# Are you staying on track for 2015?



## slyfox (Nov 18, 2007)

Are you staying on track for your 2015 New Year's resolutions? Have you even started working on them yet?

Aside from trying to add more fruits and vegetables to my diet I haven't really been working on mine. I need to start drawing more and practicing other kinds of art. Haven't been exercising so far or trying to improve my life in other ways.

I know the year just started, but it is very easy to just quit or get off track. We need to work hard to stay on track this year. Best of luck to everyone on their 2015 goals!


----------



## millenniumman75 (Feb 4, 2005)

I just completed my first 24-mile week in months.


----------



## lilyamongthorns (Aug 13, 2012)

:boogie so far, so good.


----------



## 7th.Streeter (May 11, 2011)

well, im back in school..start monday.. but my resolution was to learn how to drive due to an incident lol... 

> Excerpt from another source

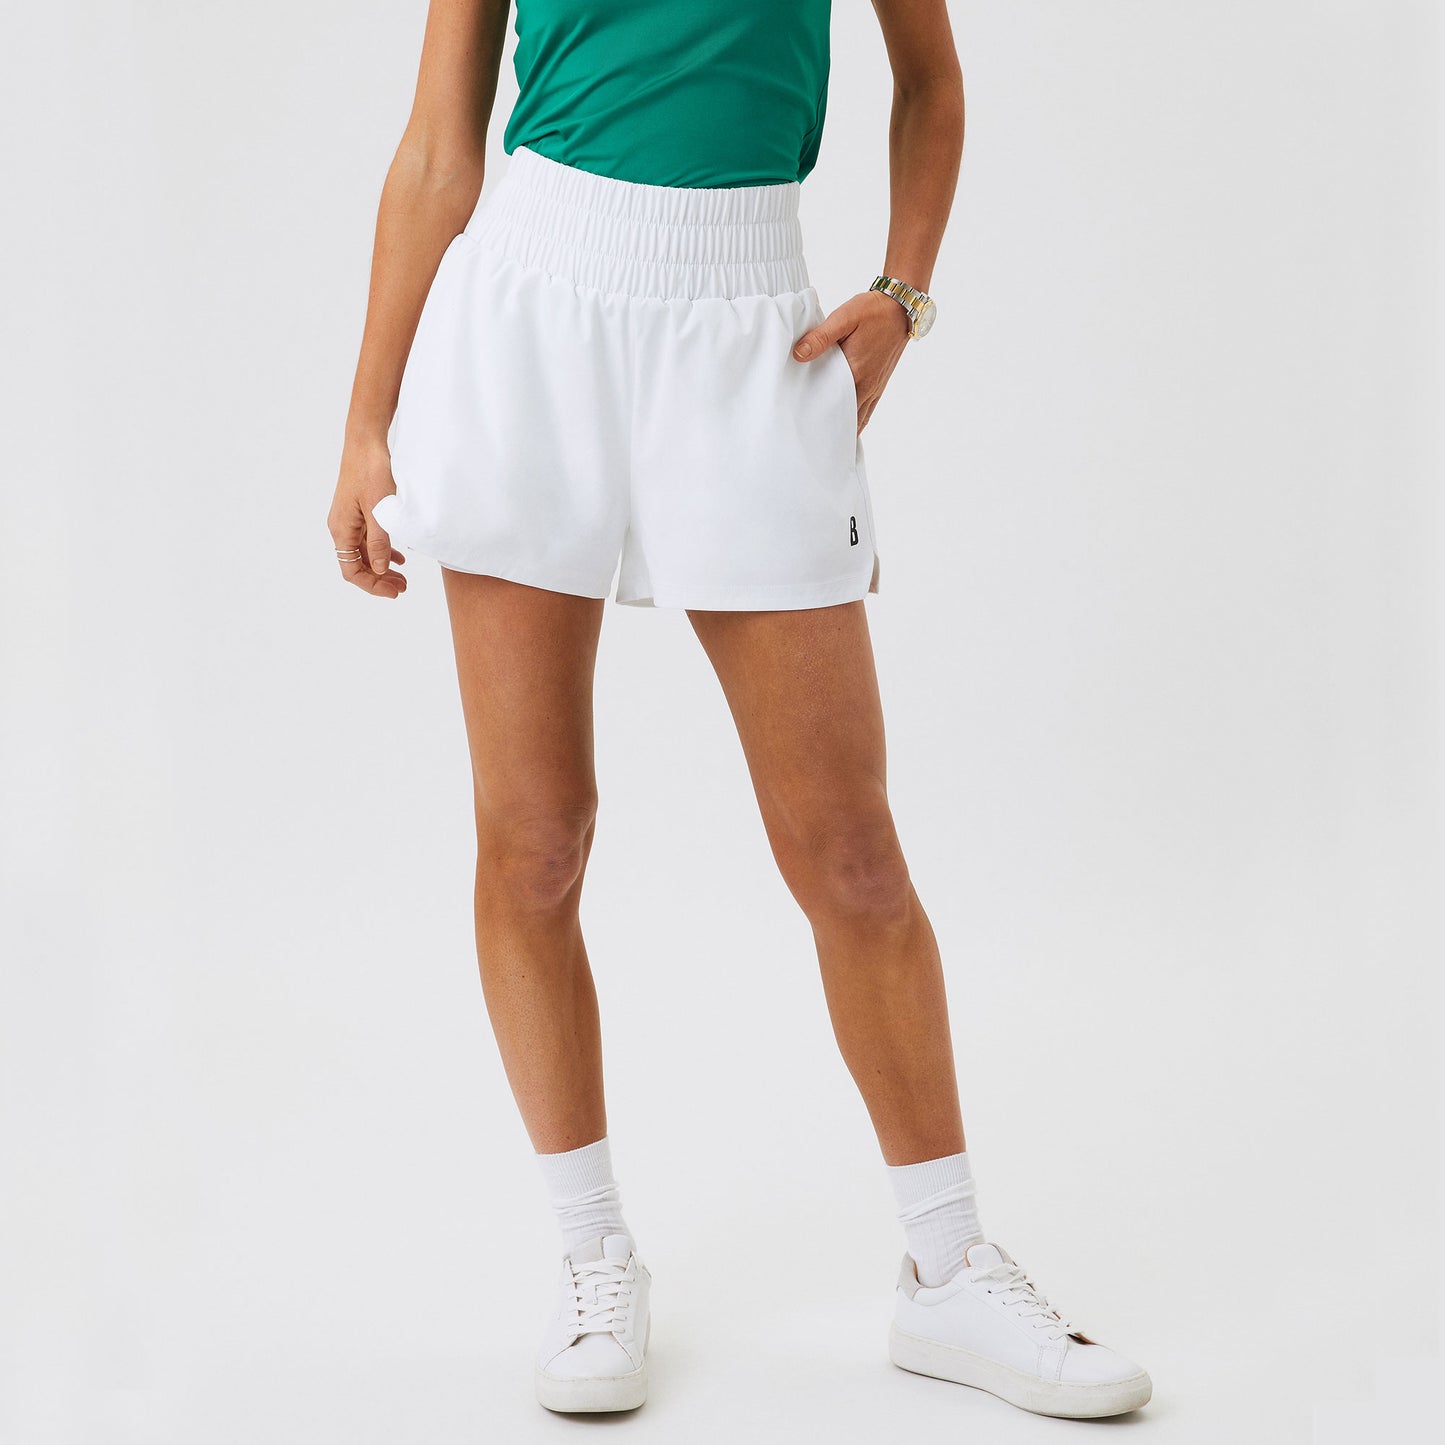 Björn Borg Ace Women's Tennis Shorts White (1)

my dad said he'd let me drive to and from school... when i start Monday lol

im so nervous..


----------



## slyfox (Nov 18, 2007)

Sugarslippers said:


> well, im back in school..start monday.. but my resolution was to learn how to drive due to an incident lol...
> 
> my dad said he'd let me drive to and from school... when i start Monday lol
> 
> im so nervous..


Good luck with school and driving 

I've been getting even more off track. Really need to start focusing


----------



## forgetmylife (Oct 1, 2011)

relevant thread, cuz no

workin on it! life is a process/journey, not a destination


----------



## ShadowWraith (Dec 17, 2014)

I'm walking every day and meditating, so I have that covered so far.


----------



## TuxedoChief (Jan 11, 2015)

I don't have any resolutions to begin with.


----------



## AngelClare (Jul 10, 2012)

No...I'm going to start soon. Thursday I'm going to gym.


----------



## ConfusedMuse (Jan 26, 2011)

Well, I've been reading which has made me feel great. But I need to work on the physical activity part. I didn't really make any solid resolutions. I keep finding excuses not to do things.


----------



## slyfox (Nov 18, 2007)

I've gotten way off track. Haven't really been working on much aside from random things


----------



## forgetmylife (Oct 1, 2011)

2015 is 2014 all over again! lol


----------



## tayann (Nov 29, 2014)

I keep starting everything I've planned to change this year like eating healthy, drinking more water, exercising etc but then i stop i do good 2-3 days then stop its been like that like every week since 2015 began lol i need motivation


----------



## tayann (Nov 29, 2014)

I really need to learn to drive too im too old not to know lol so thats another resolution


----------



## Blaze Crow (Sep 11, 2014)

I having alot f success but it feels one long game of harvest moon.


----------



## slyfox (Nov 18, 2007)

Have been doing a lot of art/drawing practice for close to a month. Planning on sticking to it


----------



## millenniumman75 (Feb 4, 2005)

I am doing it to lose weight.


----------



## Mxx1 (Feb 3, 2015)

No, was motivated at the start of the year, but now i kind of lost motivation. Same thing happened last year, i'm always too lazy with my New year's resolutions.


----------



## scooby (Jun 24, 2009)

Yes. Well, I didn't actually have any specific new years resolutions or whatever. But I've been making constant improvements and have achieved goals I've been setting for myself and things I wouldn't have expected a year ago. I'm doing well. Better than expected. It can get very overwhelming though.


----------